Your instructions:
Look below for the line that contains "Nike Excee DT" and the line that contains "slide-mipa-arancione-meno-45-gradi", then restate both of them and every line in between, exactly. No picture goes in the copy.

Provided material:
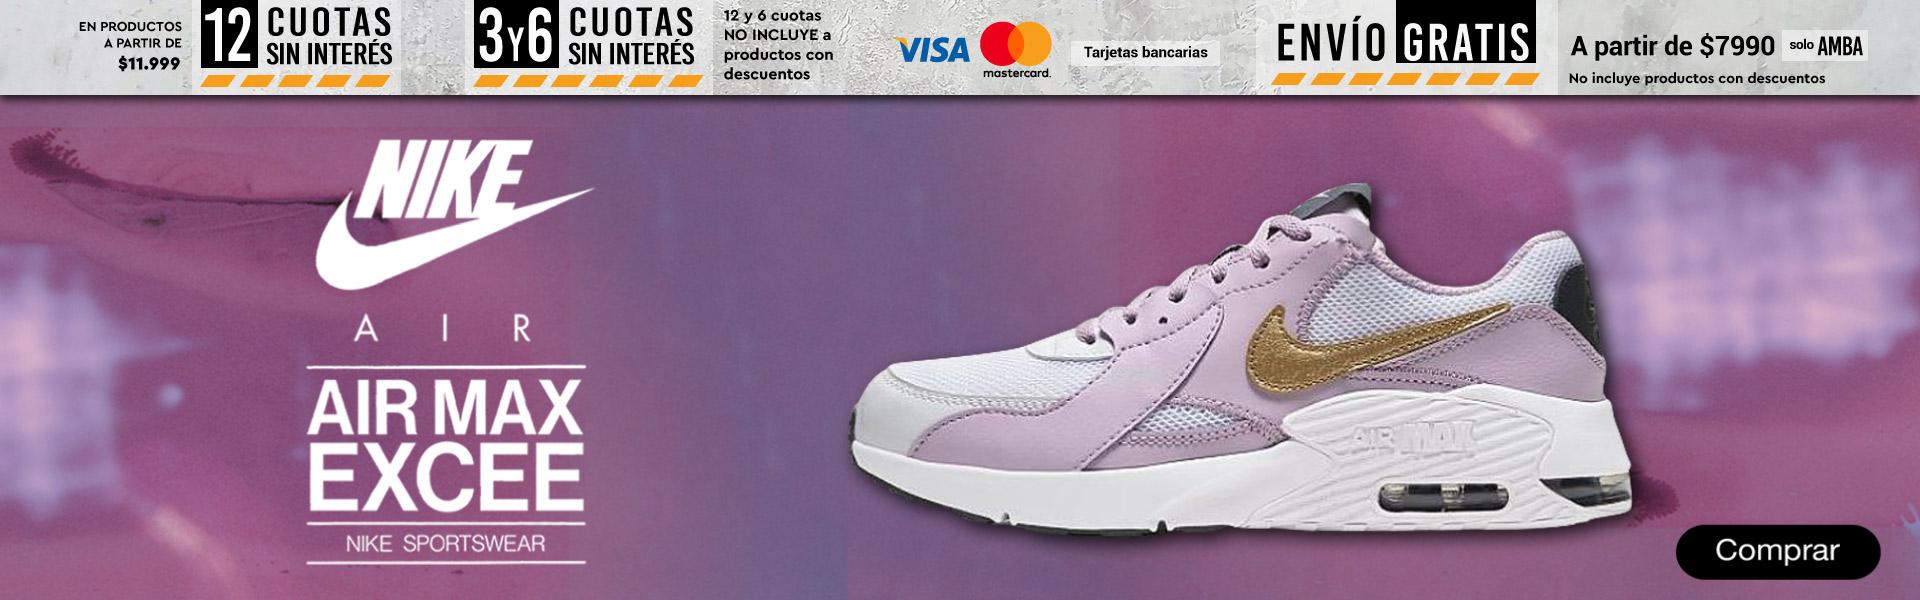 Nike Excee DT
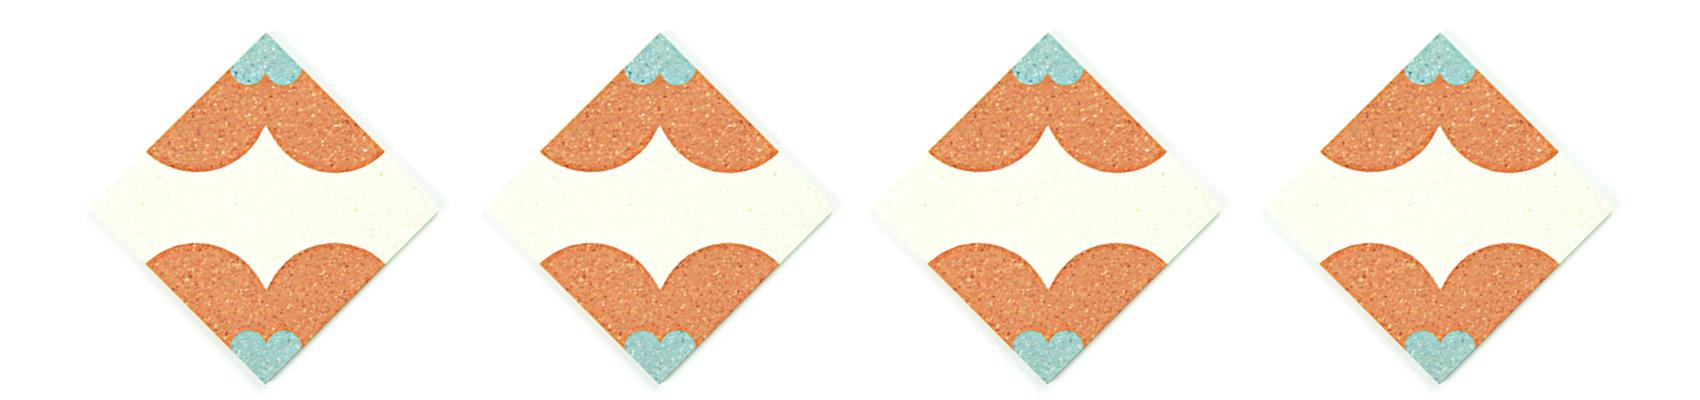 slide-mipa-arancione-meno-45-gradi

* * *

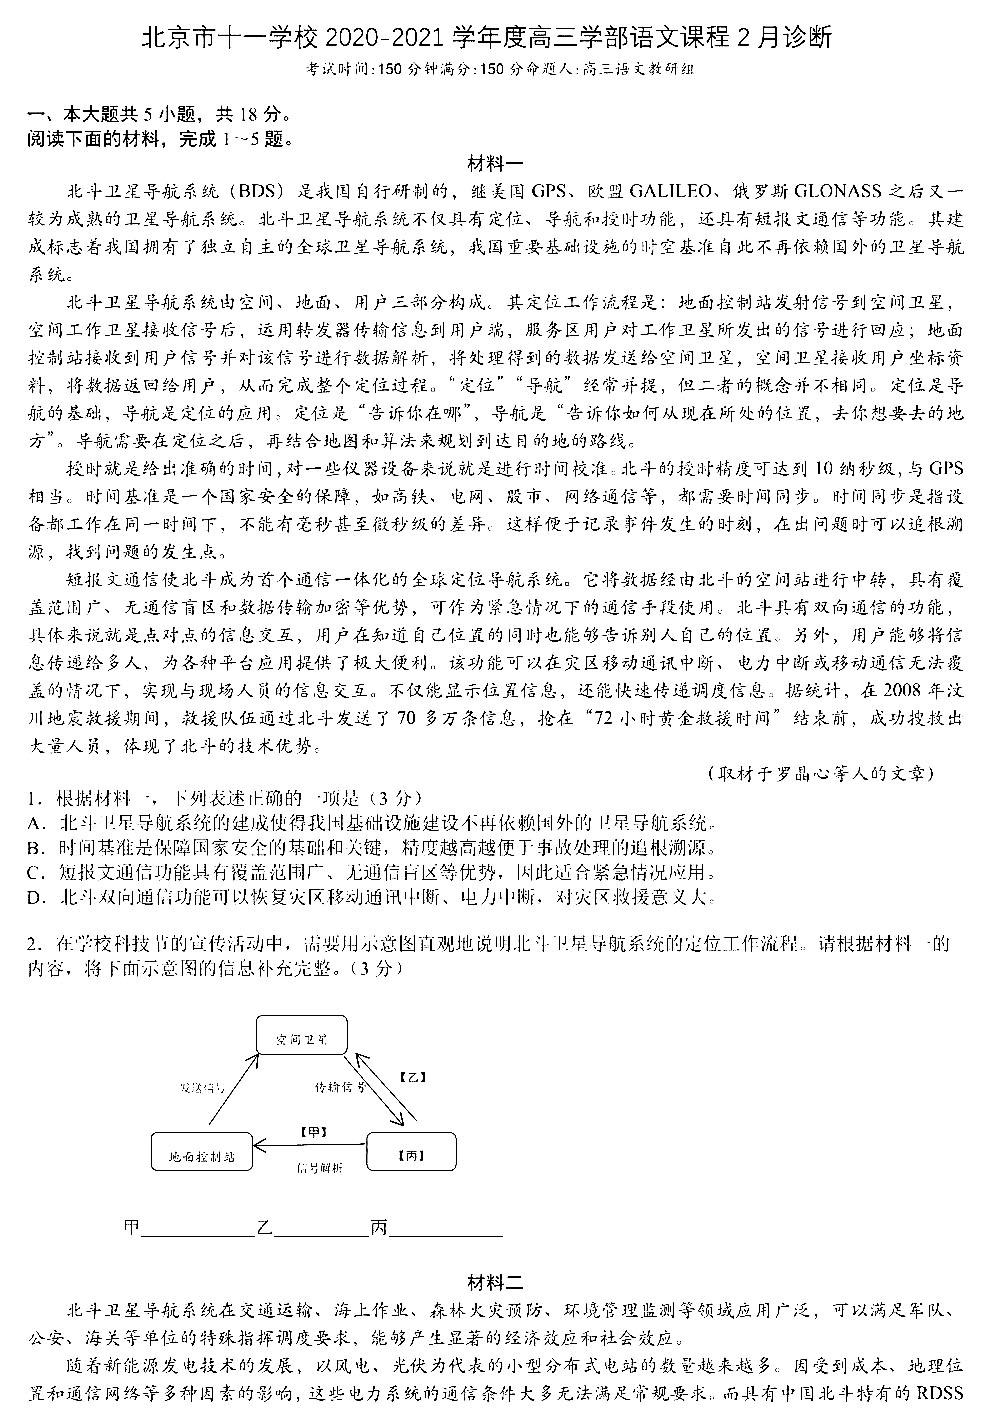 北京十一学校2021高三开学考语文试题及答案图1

Written answer:
 Nike Excee DT
 slide-mipa-arancione-meno-45-gradi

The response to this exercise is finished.